Synthetic
GDPR Compliance
Data Handling
Synthetic says it runs models in private, secure datacenters, but it does not publish any EU region or EU-only processing option in its primary documentation. Its status pages distinguish between Synthetic-hosted models and proxied models; proxied models are served by third-party inference providers, so inference can leave Synthetic's own infrastructure.
For API data, Synthetic says it may store API inputs and outputs for up to 14 days for debugging, otherwise it does not store API prompts or completions without explicit consent, and it may log metadata such as request ID, inference cost, or sampling parameters. For UI or other usage, it retains personal information for as long as you use the services, as required by law, or as otherwise communicated.
The homepage states Synthetic never trains on customer data and never stores API prompts or completions.

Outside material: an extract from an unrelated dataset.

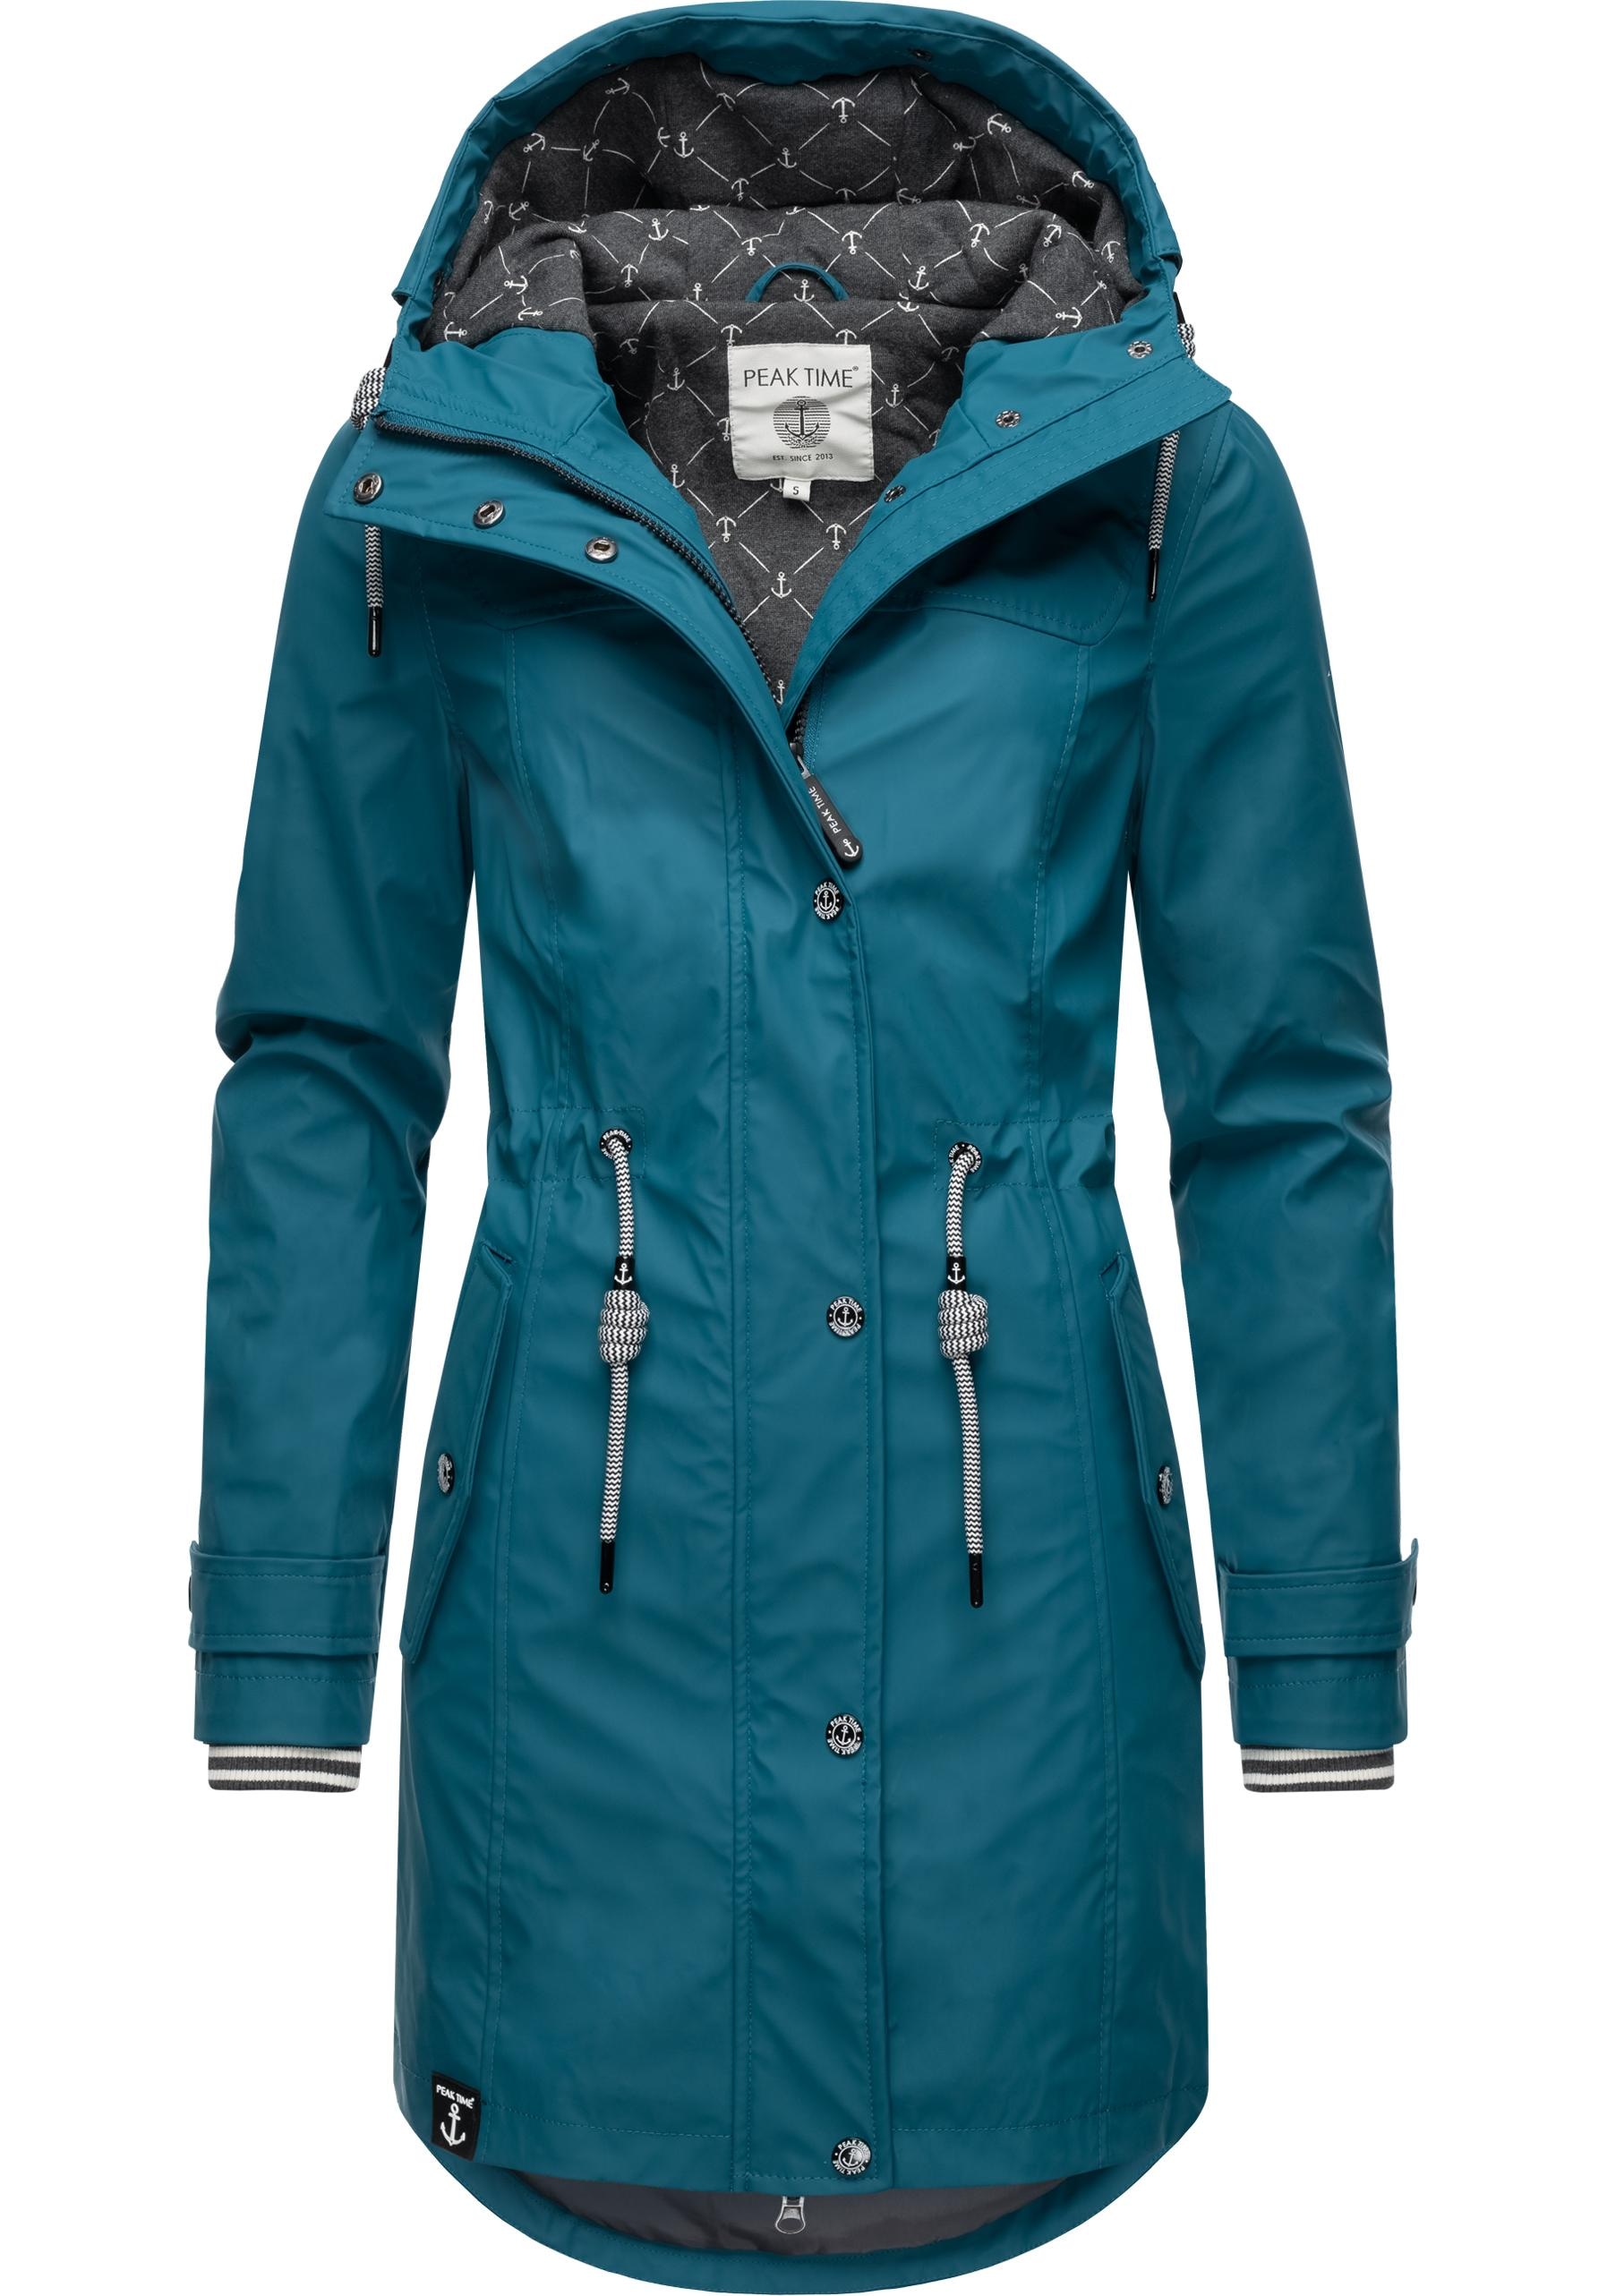 shoppen taillierter mit »L60042«, Kapuze, TIME Regenjacke für Damen PEAK Regenmantel stylisch

The privacy policy adds that API inputs/outputs may be stored for up to 14 days for debugging and that prompts/completions are otherwise not stored without explicit consent.

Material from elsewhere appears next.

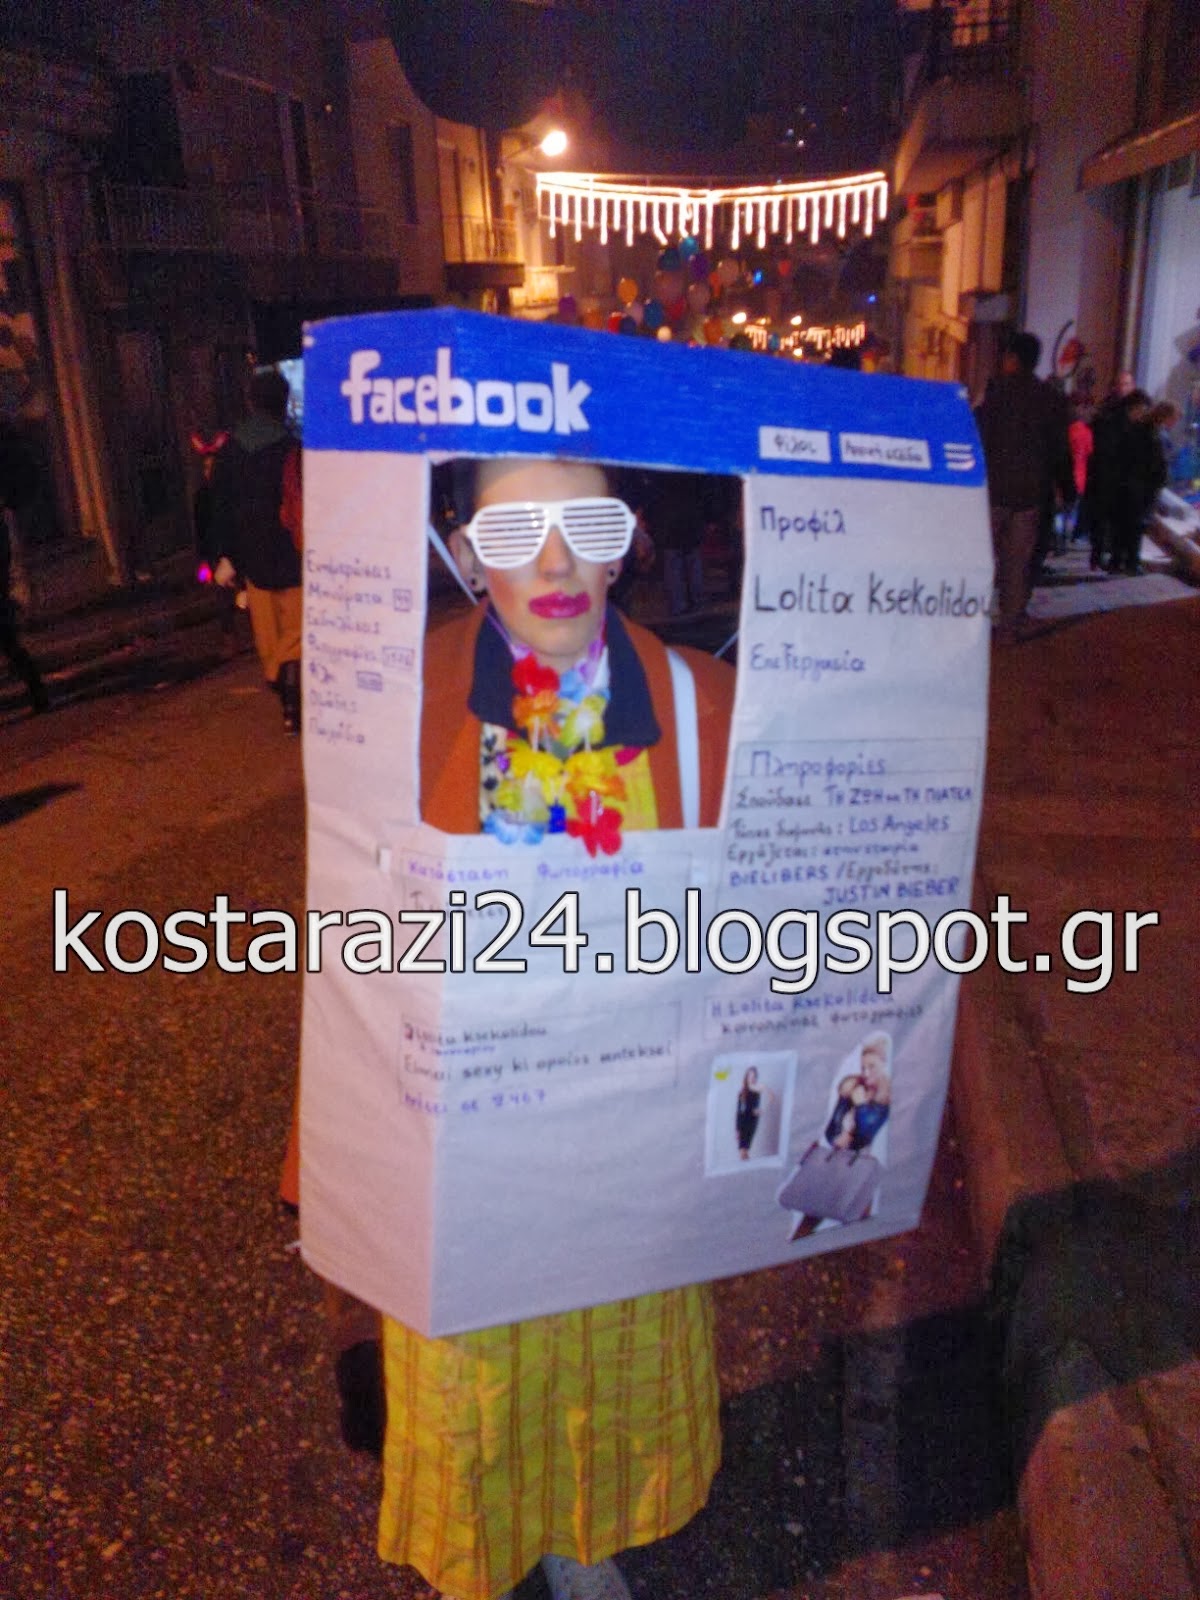 Το Facebook τώρα και σε στολή καρναβαλιού... Τη βρήκαμε στα Ραγκουτσάρια! - Φωτογραφία 2

Certifications & EU AI Act
No certifications disclosed.
Verification
- https://synthetic.new/ ↗
- https://synthetic.new/policies/privacy/2024-12-19 ↗
- https://synthetic.new/policies/terms-of-service ↗
- https://dev.synthetic.new/docs/api/overview ↗
- https://synthetic.new/pricing ↗
- https://status.synthetic.new/ ↗
- https://status-proxied.synthetic.new/ ↗
- https://synthetic.new/blog/subscriptions ↗
- https://synthetic.new/blog/billing-launch ↗
Synthetic publishes a privacy policy and states that it never trains on customer data; for API use it says prompts/completions may be retained for up to 14 days for debugging. No public DPA/AVV, SCC statement, sub-processor list, certifications, or EU-only residency commitment was found in primary sources. Because some models are explicitly proxied via third-party inference providers, EU-only inference cannot be confirmed and inference can leave Synthetic-hosted infrastructure.